Landmark Da Vinci exhibitionLONDON - A landmark exhibition of paintings by Leonardo Da Vinci started at London’s National Gallery yesterday, the first time so many of his masterpieces have been displayed together.
Among the nine paintings are his two versions of the “Virgin of the Rocks,” which will hang face to face for the first time.
Da Vinci is thought to have produced about 20 paintings during his lifetime, but just 15 have survived.
Art fans will also be able to see “Salvator Mundi,” which was only recently authenticated as a Da Vinci, as well as three groundbreaking portraits: “The Portrait of a Musician,” “La Belle Ferronniere” and “The Lady with an Ermine.”
The exhibition, which also includes more than 50 drawings, focuses on Da Vinci’s observation, imagination and painting technique which developed while he was employed as the court painter in Milan in the 1480s and 1490s.
“The exhibition focuses for the very first time on Leonardo the painter, and we’ve been able to gather here the largest number of pictures that’s ever been seen in one place,” said curator Luke Syson. “What we see here is an extraordinary journey, one that takes Leonardo from an artist who believed that his responsibility was to record nature as precisely as possible, to an artist who believed that his creative skills were akin to those of God himself.”
Most of the paintings have been loaned from European museums, a remarkable achievement for the National Gallery because curators are normally deeply reluctant to allow their Da Vinci treasures to be shown elsewhere. The result is still an extraordinary collection that is set to pull in the crowds - a gallery spokeswoman confirmed that it had sold an “unprecedented number” of advance tickets to the show, which runs until Feb. 5, 2012. Five hundred tickets will be held back for sale each day, but to avoid any overcrowding, the gallery has limited the numbers of visitors to 180 every 30 minutes, down from the usual 230.
The main highlight is the two versions of the “Virgin on the Rocks,” commissioned at the beginning and the end of Da Vinci’s time in Milan. The first one is held in the Louvre in Paris, and the second at the National Gallery, where it has recently been restored to reveal clearly one of the artist’s trademarks - his astonishing inability to finish his paintings.

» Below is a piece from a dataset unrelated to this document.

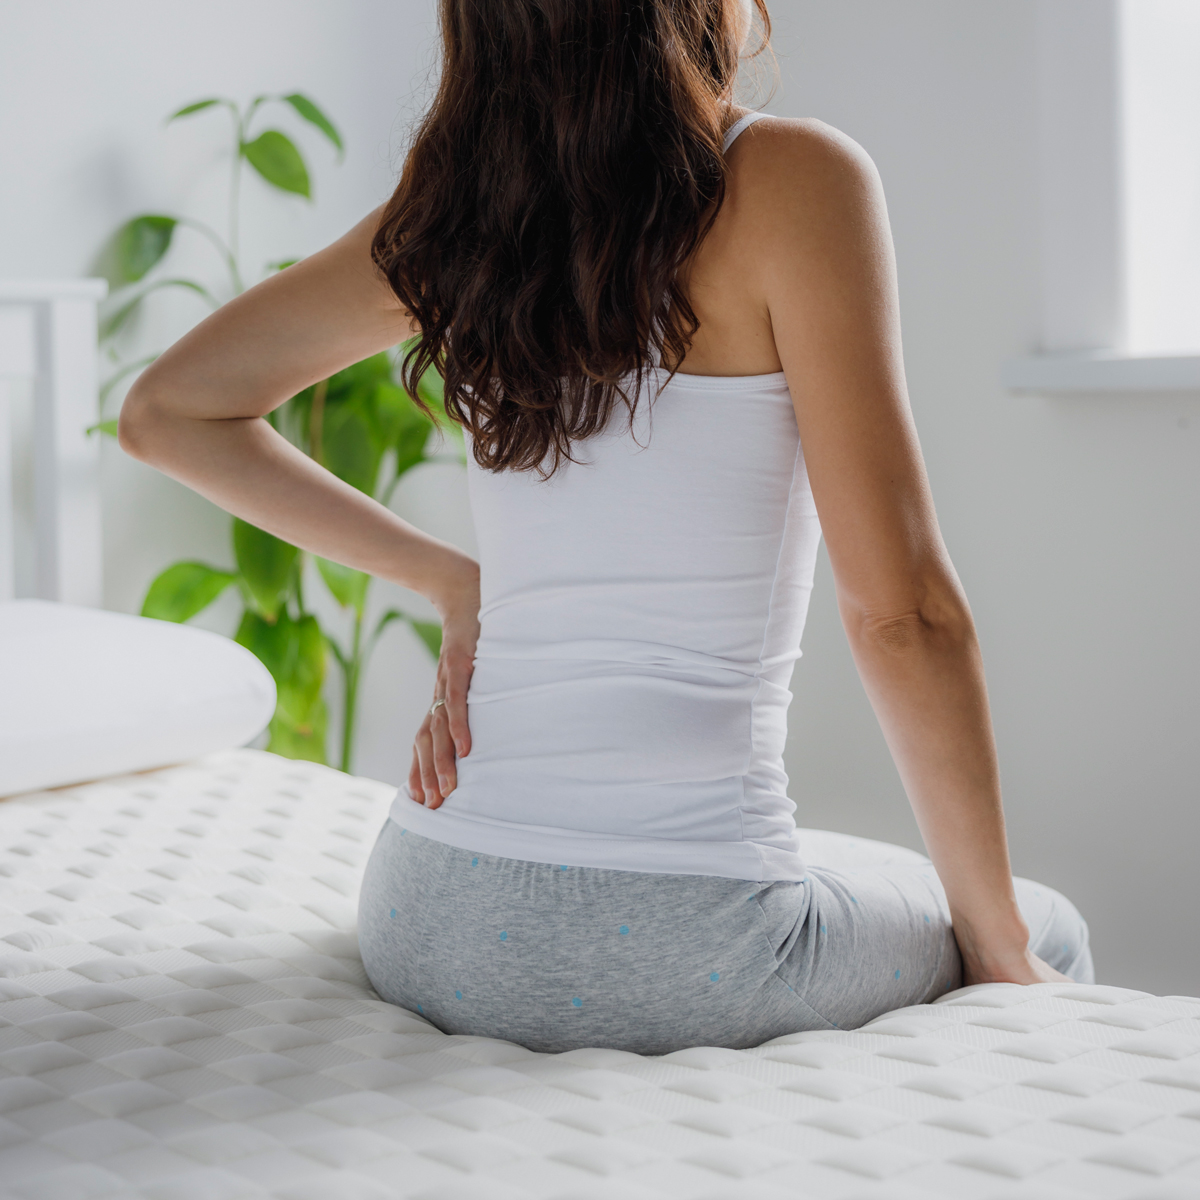 woman sitting on a levitex mattress

“When you look closely you’ll see some parts of the picture are barely taken beyond the initial underdrawing and modelling stage, for example the hand of the angel that supports that back of the Christ child,” said the gallery’s director of conservation, Larry Keith.
Da Vinci’s revolutionary portraits are another highlight, particularly the painting of Cecilia Gallerani, his patron Ludovico Maria Sforza’s mistress. “The Lady with an Ermine,” which was stolen by the Nazis from Poland before being returned and displayed in Krakow, is proclaimed as the first truly modern portrait for the way it appears to convey Gallerani’s inner thoughts.
The best-known of Leonardo’s works, the “Mona Lisa,” will, however, be staying in Paris.